Es war finstere Nacht, doch spendeten die Sterne des südlichen Himmels immerhin ein Licht, bei welchem man einen nicht zu kleinen Gegenstand noch auf einige Entfernung hin erblicken konnte. Alles Geräusch vermeidend, schlich ich mich der Richtung zu, in welcher ich das Bellen gehört hatte. Noch war ich nicht gar weit gekommen, so vernahm ich leise nahende Schritte. Ich warf mich zu Boden. Zwei Männer nahten und blieben nahe bei mir halten. Ich hatte mich in den Prairieen Nordamerika’s oft in einer ähnlichen Lage befunden, nur daß ich hier statt der Rothhäute zwei Araber beschlich. Ich machte mich auf einen Angriff gefaßt und zog das Messer.
In dem Einen erkannte ich den Schech el Djemali. Wer war der Andere? Ich sollte es gleich erfahren.

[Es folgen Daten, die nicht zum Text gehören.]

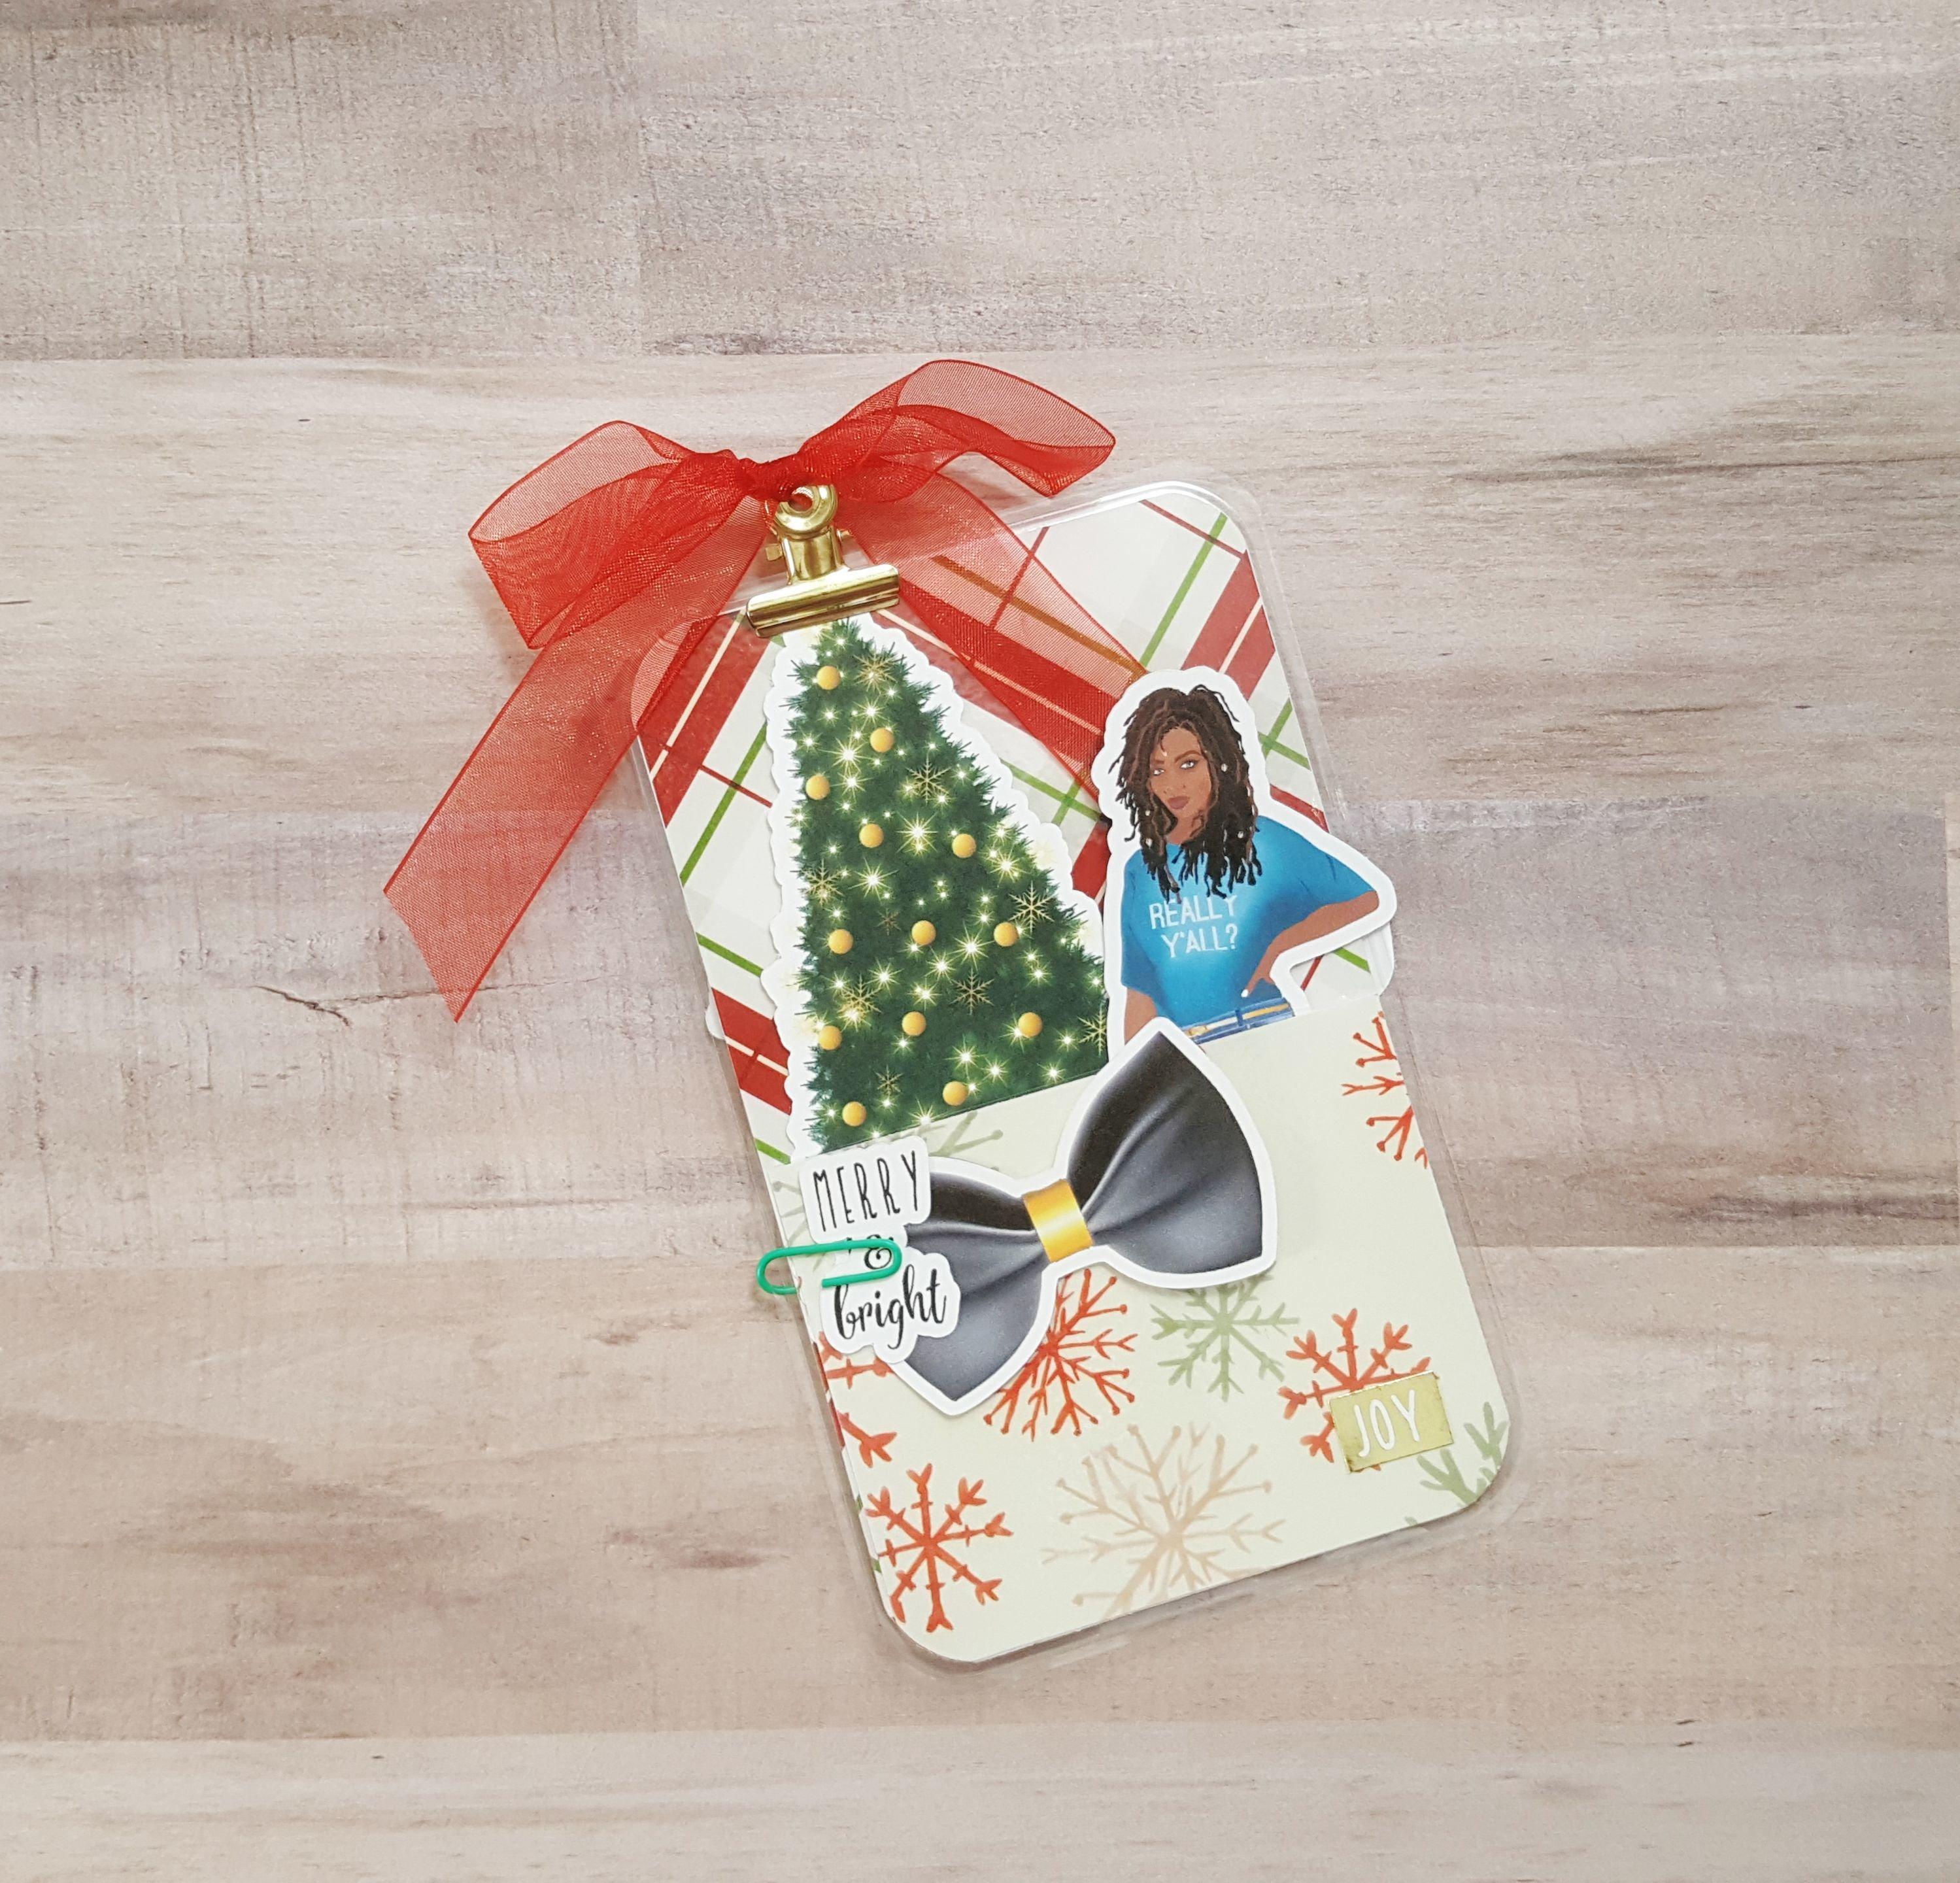 Joy Holiday Cheer Pocket Size Loaded Page Marker 20171105-01

»Ein Franke ist dabei, sagst Du? Ist er stark und tapfer?«
»Er hat Muth und viele Waffen, auch besitzt er einen guten Geist, der ihm die Wege zeigt. Du aber wirst ihn bezwingen, o Hedjahn-Bei!«
»Schläft er?«
»Er schläft und alle Männer schlafen. Wenn Deine Gum die Kameele verläßt und sich heimlich zu Fuße naht, so kann Euch Keiner entgehen. Eure Zahl ist größer als die unsrige, aber der laute Ueberfall würde Euch doch wohl Mehrere kosten.«
»Dein Mund sagt die Wahrheit. Komm, zeig mir das Lager; dann kehre ich zurück und hole die Würger der Karavanen herbei!«
Der Schech el Djemali konnte ihm nicht folgen. Ich sprang empor, faßte ihn beim Nacken und stieß ihm das Messer bis an das Heft zwischen die Schultern. Es war in’s Herz gedrungen. Der Verräther stieß nur einen kurzen, hauchenden Laut aus und stürzte dann zu Boden.

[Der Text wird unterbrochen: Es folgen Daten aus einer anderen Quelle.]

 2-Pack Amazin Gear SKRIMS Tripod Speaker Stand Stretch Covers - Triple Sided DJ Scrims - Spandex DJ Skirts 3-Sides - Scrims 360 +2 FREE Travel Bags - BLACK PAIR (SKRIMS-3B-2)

Der Hedjahn-Bei hatte das Geräusch vernommen und drehte sich um. Das sofort wieder aus der Wunde gezogene Messer in der Faust, warf ich mich auf ihn. Unter dem unvermutheten Anpralle schlug er zu Boden. Ich kniete über ihm, faßte mit der Linken seine Kehle und hielt ihm die scharfe Klinge nahe vor die Augen.

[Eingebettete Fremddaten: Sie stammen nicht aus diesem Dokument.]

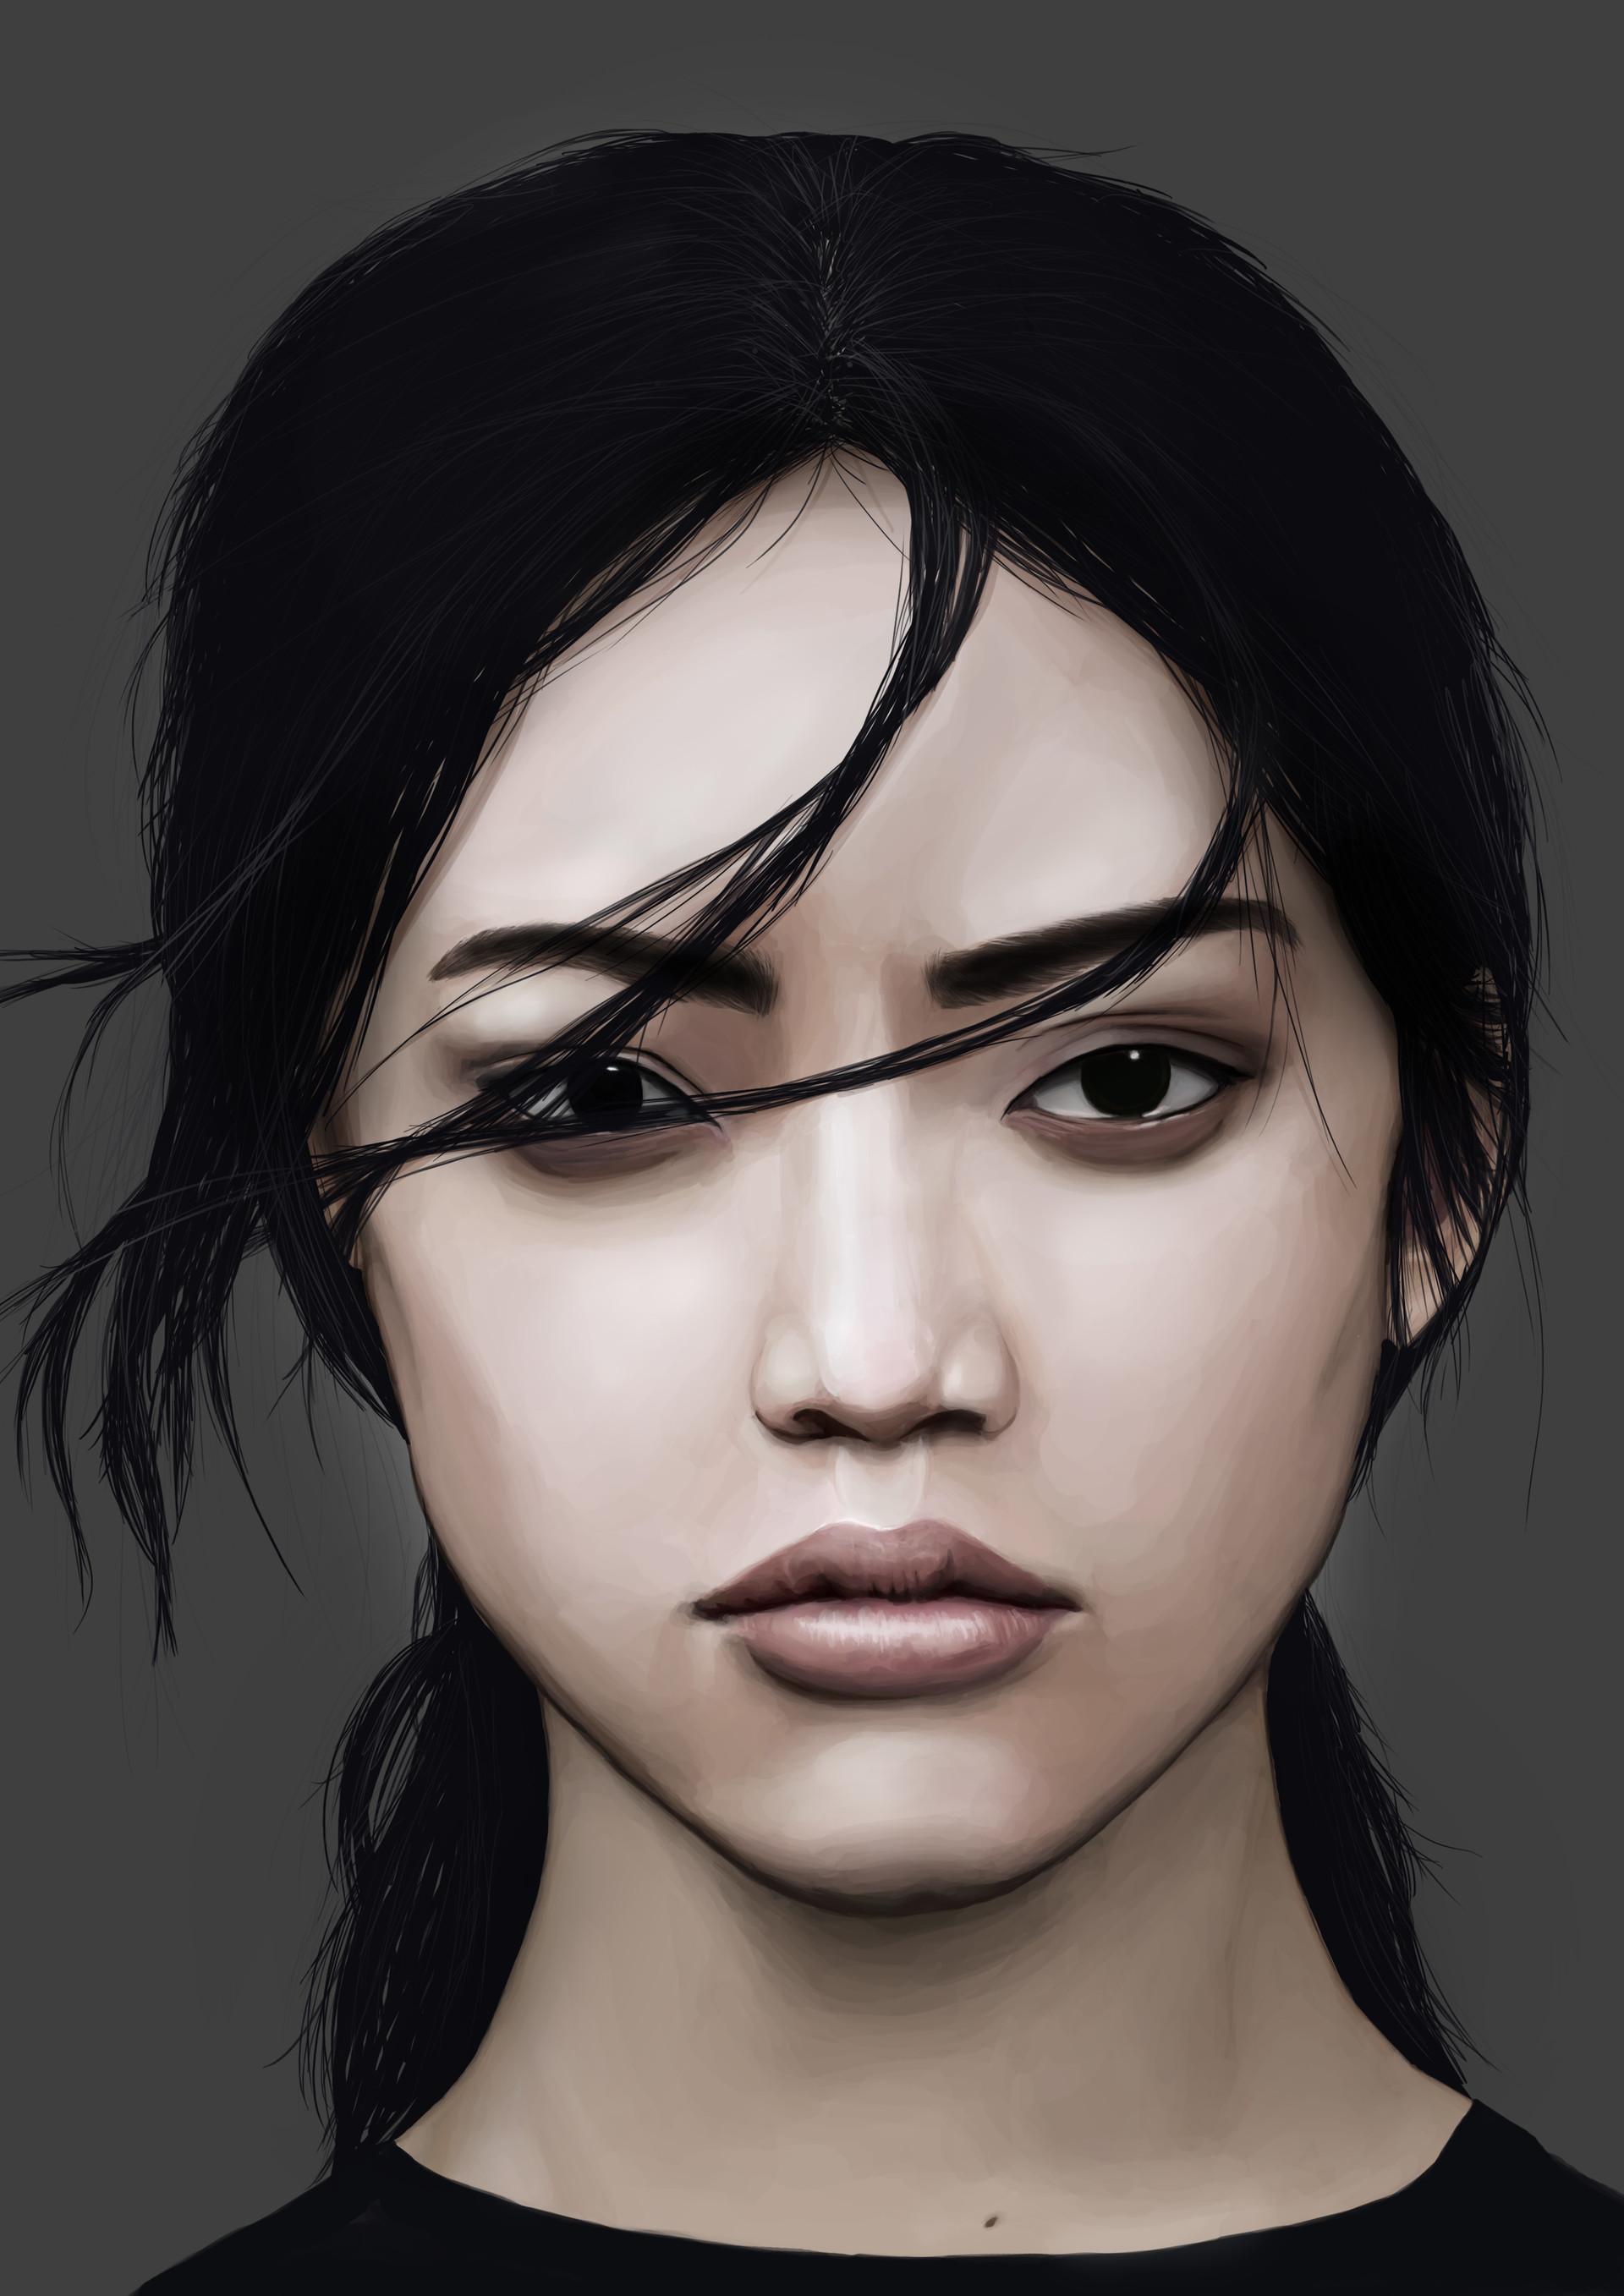 Something is. Asian model photo woman amusing

»Hedjahn-Bei, der Tod wird Dich verschlingen, wenn Du nur ein einziges Glied rührst!«
Der Schreck hatte den gefürchteten Mann ergriffen. Er lag vollständig bewegungslos unter mir.
»Ich bin der Franke, von dem der Schech zu Dir gesprochen hat. Mein Messer hat ihm den Lohn gegeben und wird auch Dein Herz zerschneiden, wenn Du mir nicht gehorchst!«
»Was willst Du?« gurgelte er aus der zusammengepreßten Kehle.
»Höre mich an! Ich trachte nicht nach dem Tode eines menschlichen Bruders, und Du kannst Deine Seele retten, wenn Du thust, was ich von Dir begehre! Du kennst den Weg der Karavanen nach Siwah?«
»Ja,« antwortete er. Ich ließ ihm nur am Schlusse jeder meiner Fragen so viel Luft, als er zur Antwort bedurfte.
»Du wirst uns ungehindert und unberaubt ziehen lassen?«
Er schwieg und machte eine Anstrengung, sich zu befreien. Sofort setzte ich die Spitze des Messers auf seine Brust.
»Willst Du sterben, Hedjahn-Bei?«
Er gab den Versuch auf; es war mir Ernst mit der Drohung, das sah er.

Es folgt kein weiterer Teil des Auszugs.